### COLLECTED MATERIAL:
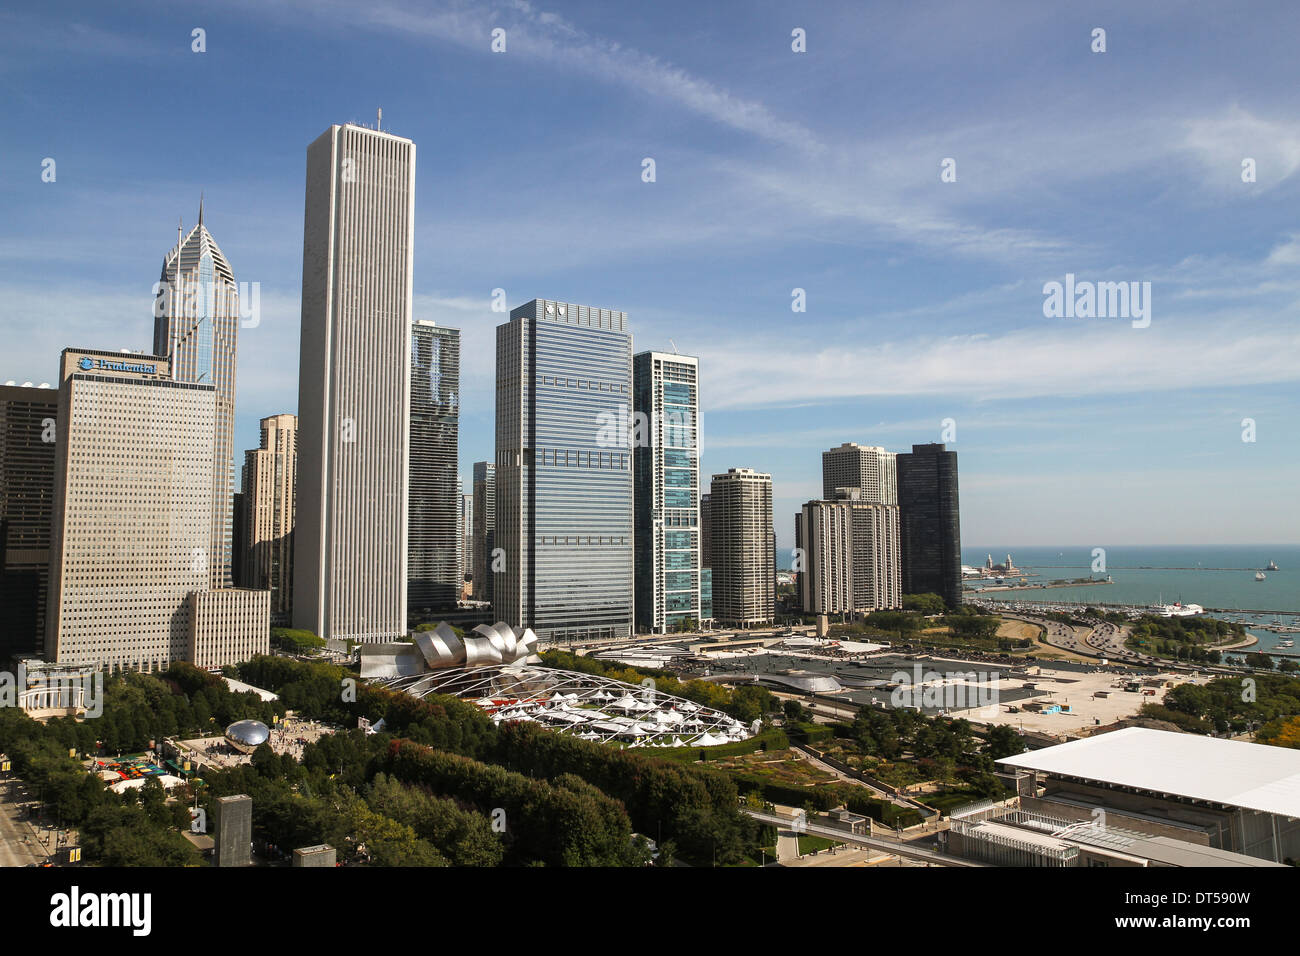 View of skyscrapers, Millennium Park, and Lake Michigan from the Cliff Dwellers Club, Chicago, Illinois Stock Photo
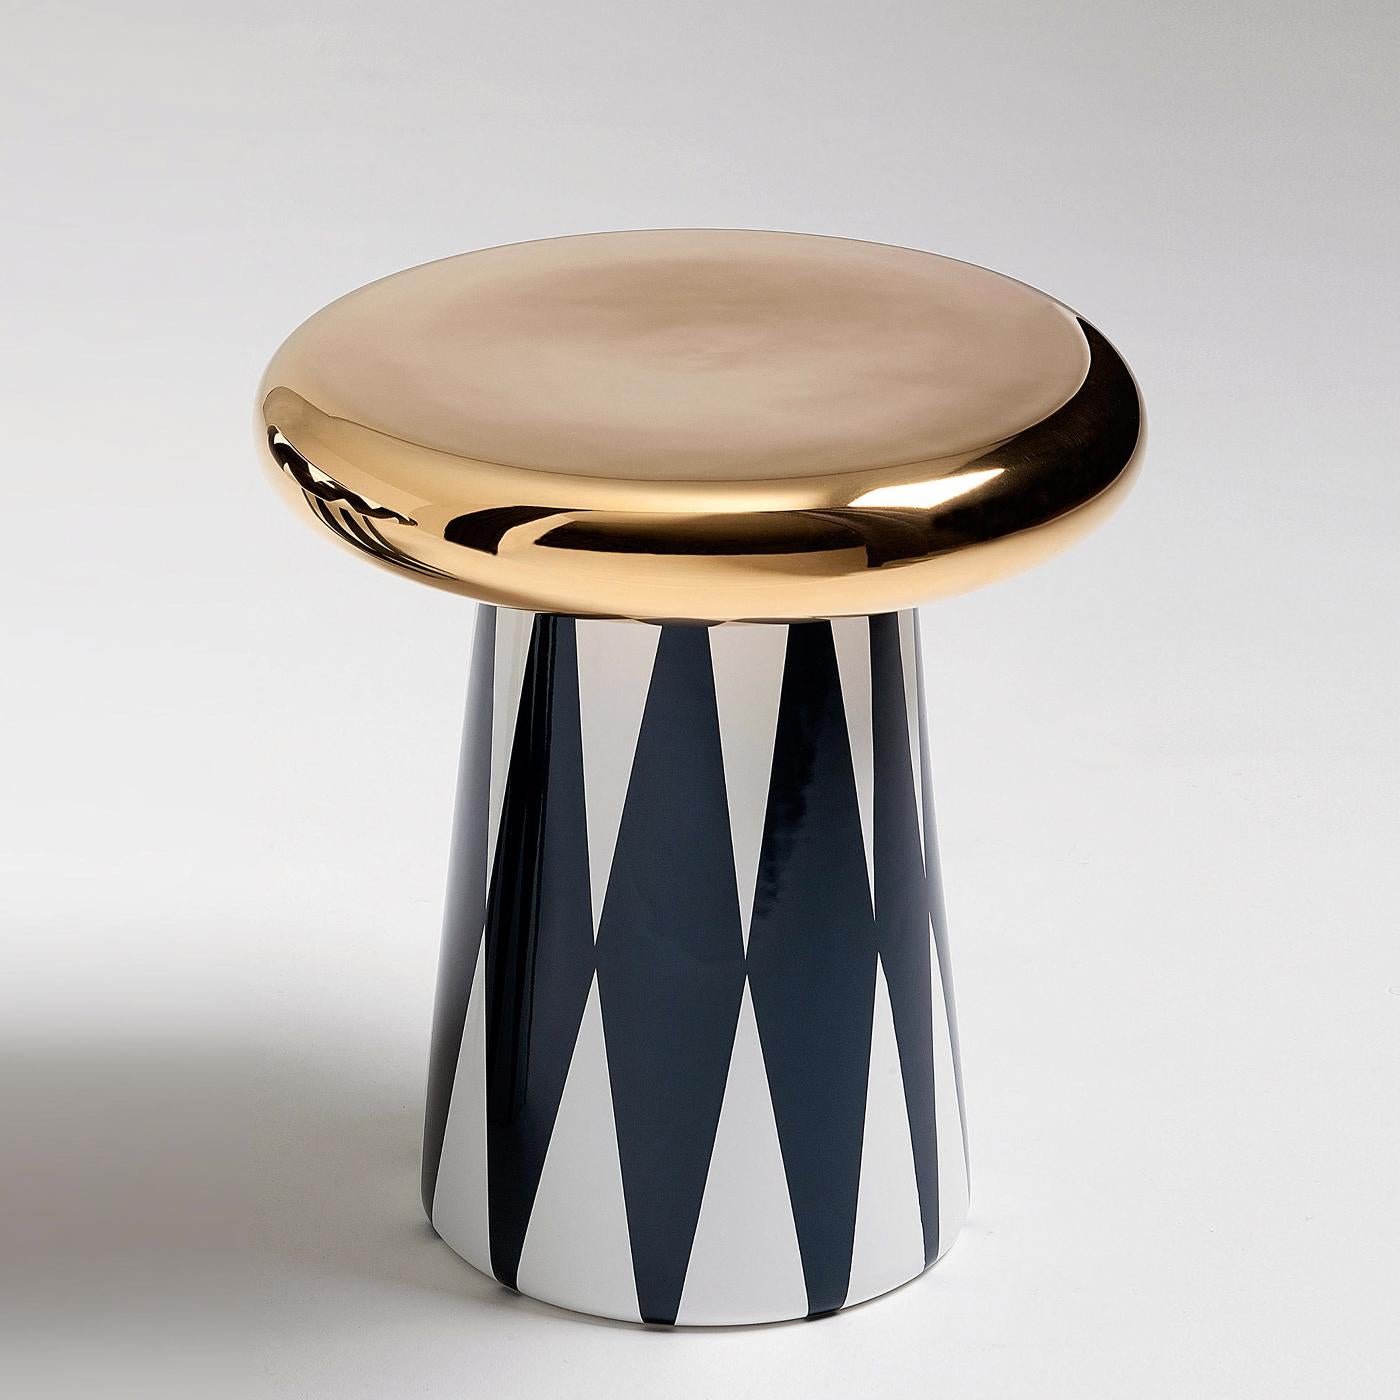 Circus Zebra side table all in hand-crafted 
ceramic in lacquered finish, made in Itlay.

### WHAT THE EXERCISE ASKS:
Everything in the listing above is to be given again exactly, apart from the pictures.

### EXERCISE RESPONSE:
 View of skyscrapers, Millennium Park, and Lake Michigan from the Cliff Dwellers Club, Chicago, Illinois Stock Photo
 Circus Zebra side table all in hand-crafted 
ceramic in lacquered finish, made in Itlay.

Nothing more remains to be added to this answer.